» GIVEN MATERIAL:
Segment Open
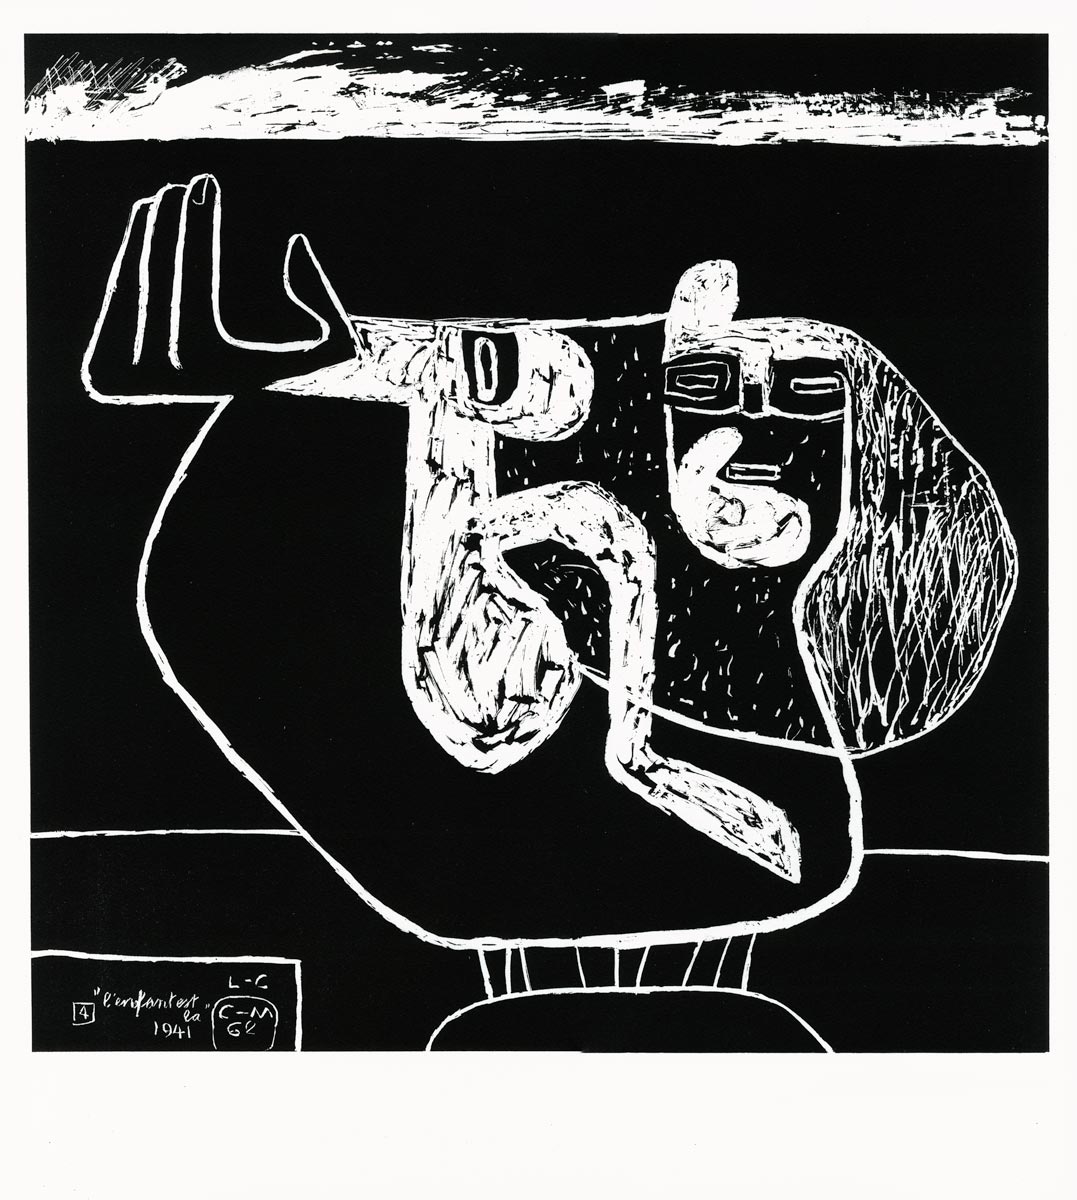  Le Corbusier, Lithographie, -La mer est toujours présente (4)-, 1962
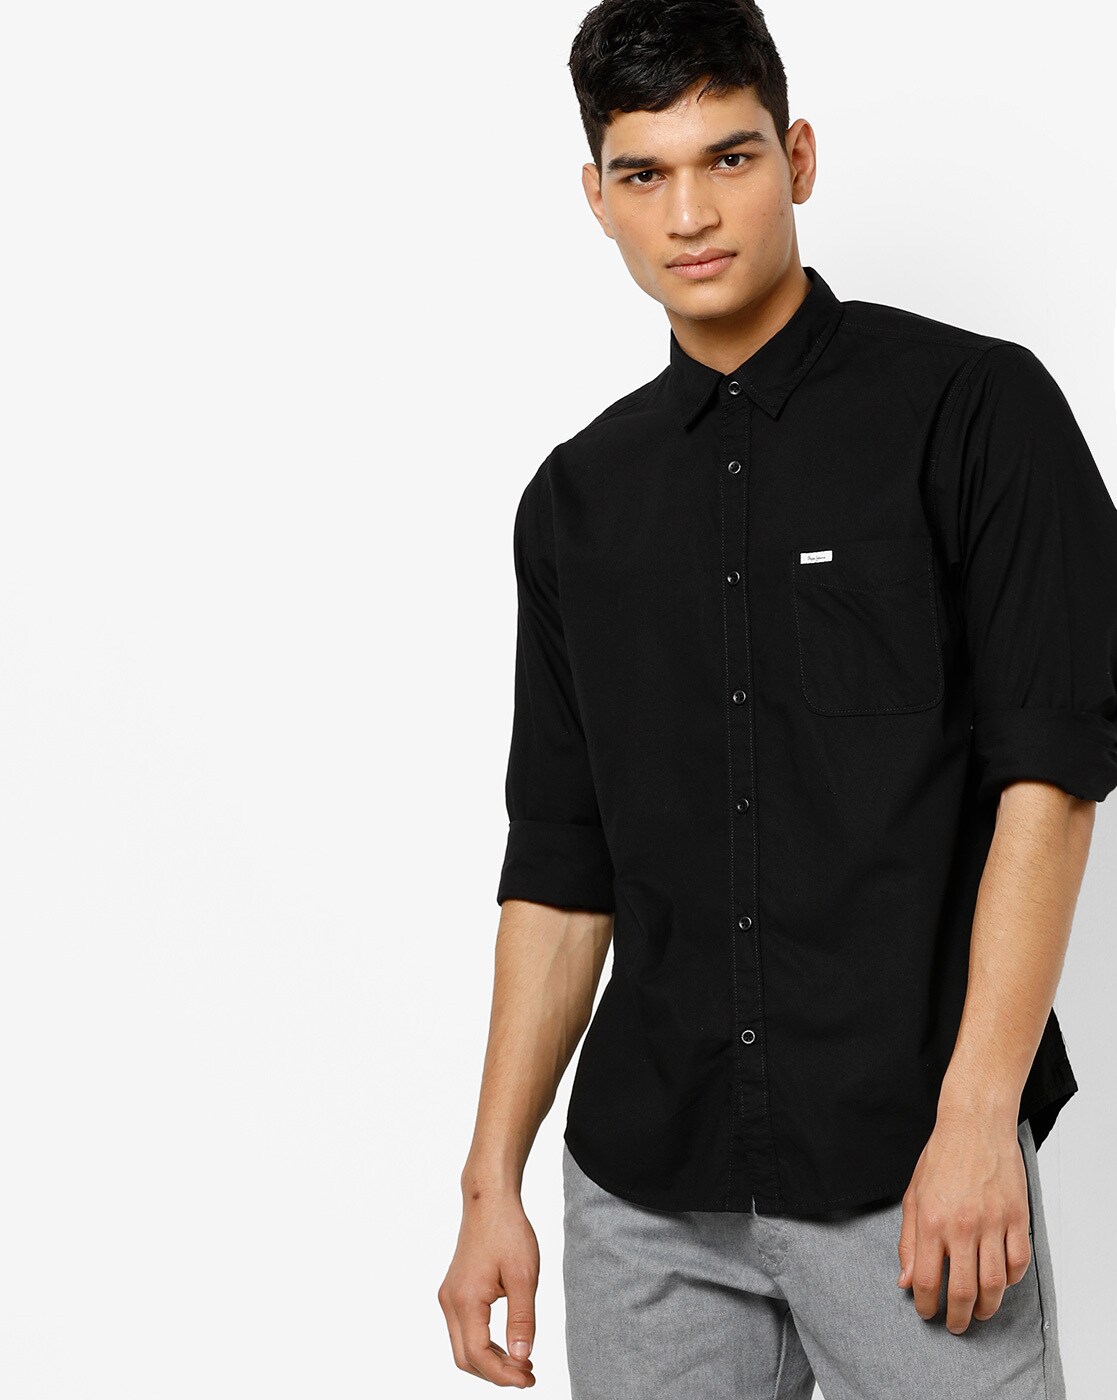 Buy Pepe Jeans Black Printed Long Sleeve Shirt Online
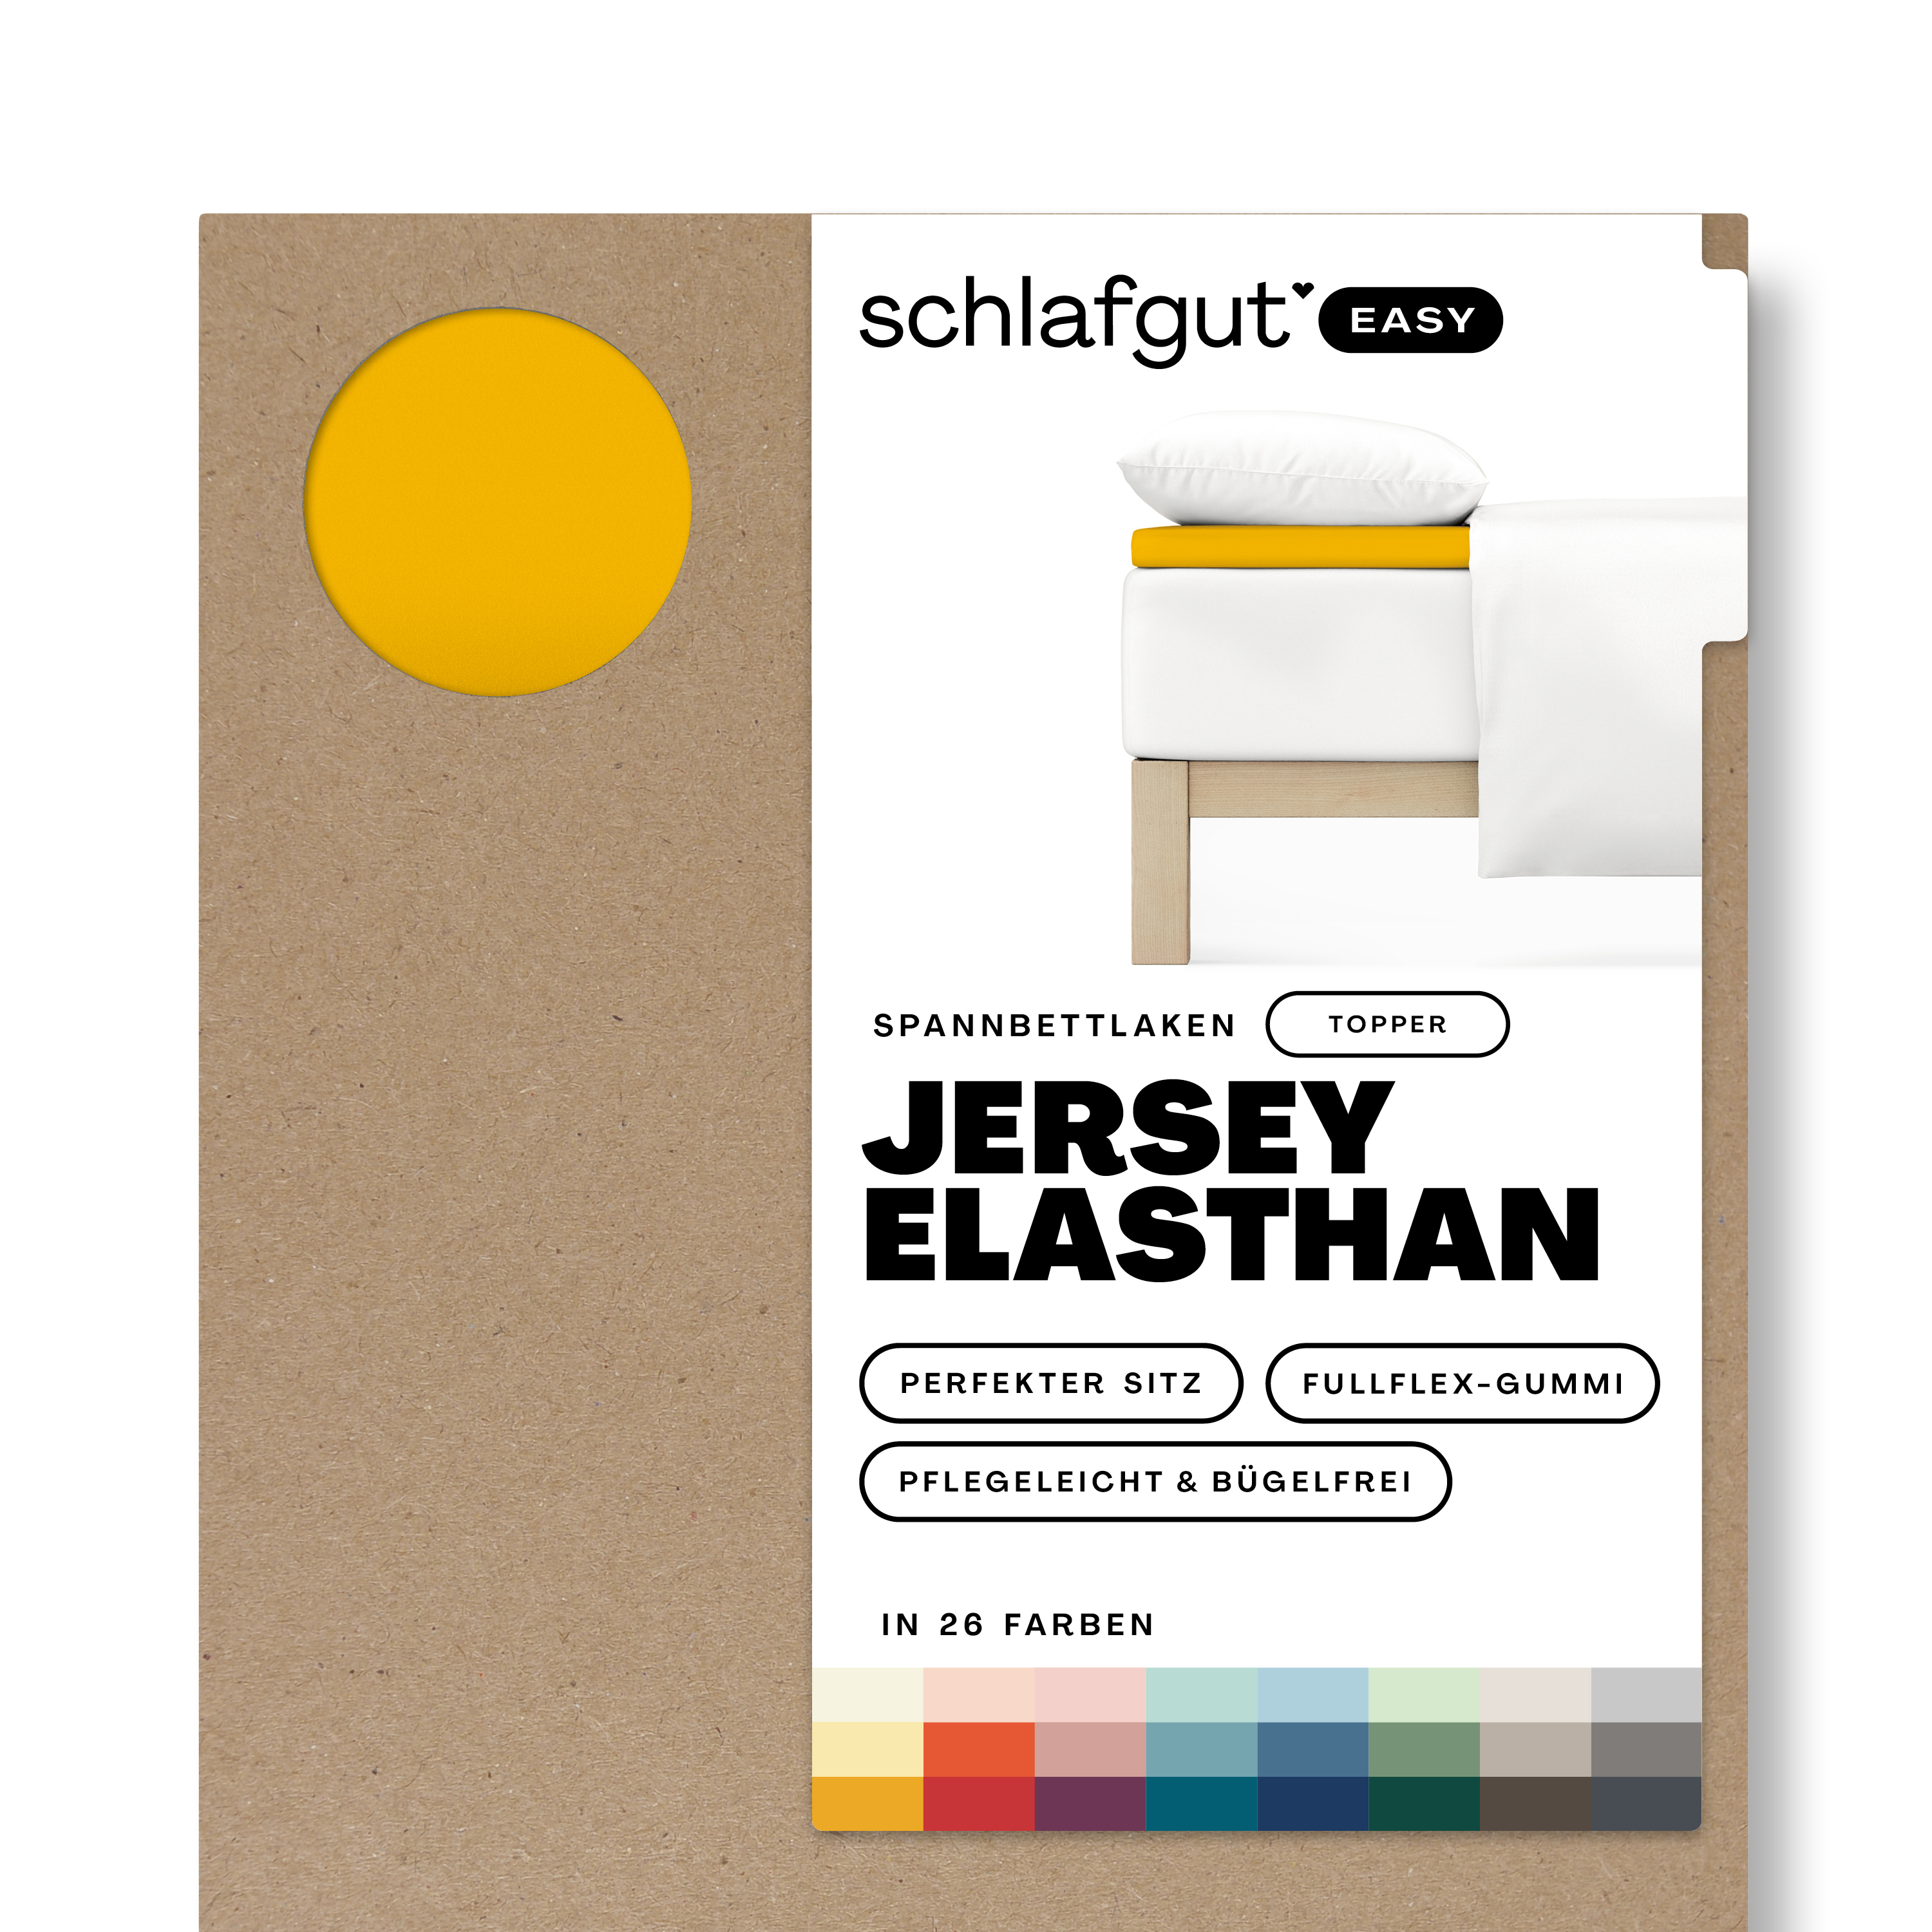 Das Produktbild vom Spannbettlaken der Reihe Easy Elasthan Topper in Farbe yellow deep von Schlafgut
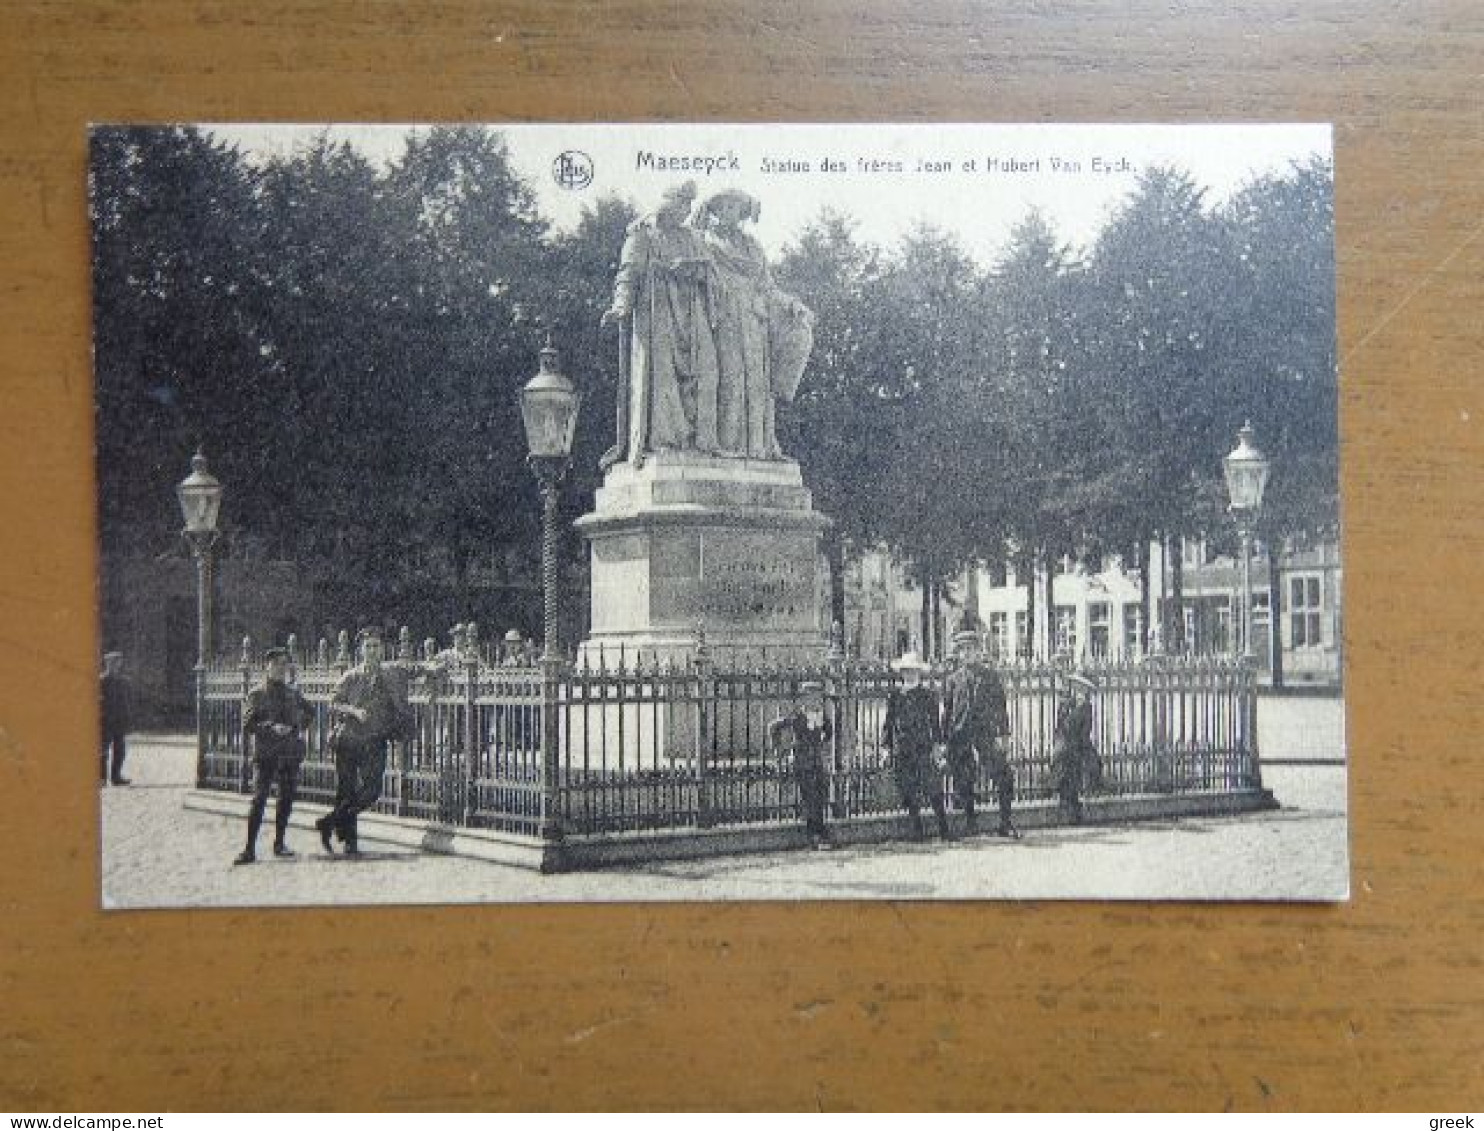 Maaseik: Statue Des Frères Jean Et Hubert Van Eyck -> Onbeschreven - Maaseik
Segment Closed
» EXERCISE DIRECTIONS:
Without any pictures, repeat the listing exactly.

» TASK RESPONSE:
  Le Corbusier, Lithographie, -La mer est toujours présente (4)-, 1962
 Buy Pepe Jeans Black Printed Long Sleeve Shirt Online
 Das Produktbild vom Spannbettlaken der Reihe Easy Elasthan Topper in Farbe yellow deep von Schlafgut
 Maaseik: Statue Des Frères Jean Et Hubert Van Eyck -> Onbeschreven - Maaseik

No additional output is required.